While the company has been paying a dividend for a long time, it has cut the dividend at least once in the last 10 years. The dividend has gone from an annual total of $0.68 in 2014 to the most recent total annual payment of $3.08. This means that it has been growing its distributions at 16% per annum over that time. Dividends have grown rapidly over this time, but with cuts in the past we are not certain that this stock will be a reliable source of income in the future.

Dividend Growth May Be Hard To Come By

With a relatively unstable dividend, it’s even more important to evaluate if earnings per share is growing, which could point to a growing dividend in the future. In the last five years, Lear’s earnings per share has shrunk at approximately 7.1% per annum. If the company is making less over time, it naturally follows that it will also have to pay out less in dividends. It’s not all bad news though, as the earnings are predicted to rise over the next 12 months – we would just be a bit cautious until this can turn into a longer term trend.

Our Thoughts On Lear’s Dividend

Overall, it’s nice to see a consistent dividend payment, but we think that longer term, the current level of payment might be unsustainable. The payments haven’t been particularly stable and we don’t see huge growth potential, but with the dividend well covered by cash flows it could prove to be reliable over the short term. Overall, we don’t think this company has the makings of a good income stock.

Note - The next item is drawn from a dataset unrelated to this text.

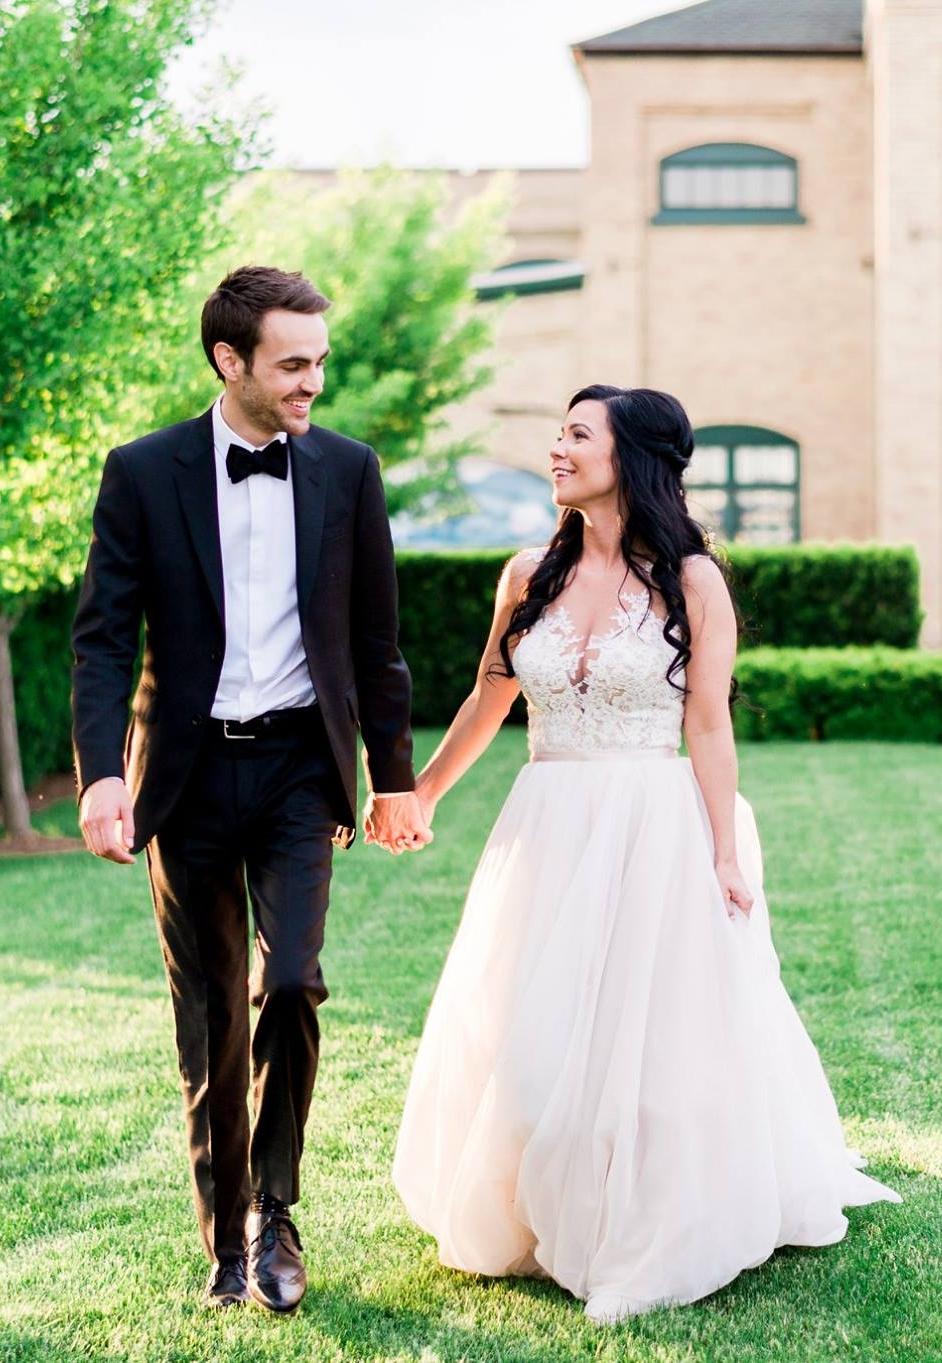 #ferrebride Jacqueline wearing Allure Bridals

Investors generally tend to favour companies with a consistent, stable dividend policy as opposed to those operating an irregular one. Meanwhile, despite the importance of dividend payments, they are not the only factors our readers should know when assessing a company. Taking the debate a bit further, we’ve identified 2 warning signs for Lear that investors need to be conscious of moving forward. If you are a dividend investor, you might also want to look at our curated list of high yield dividend stocks.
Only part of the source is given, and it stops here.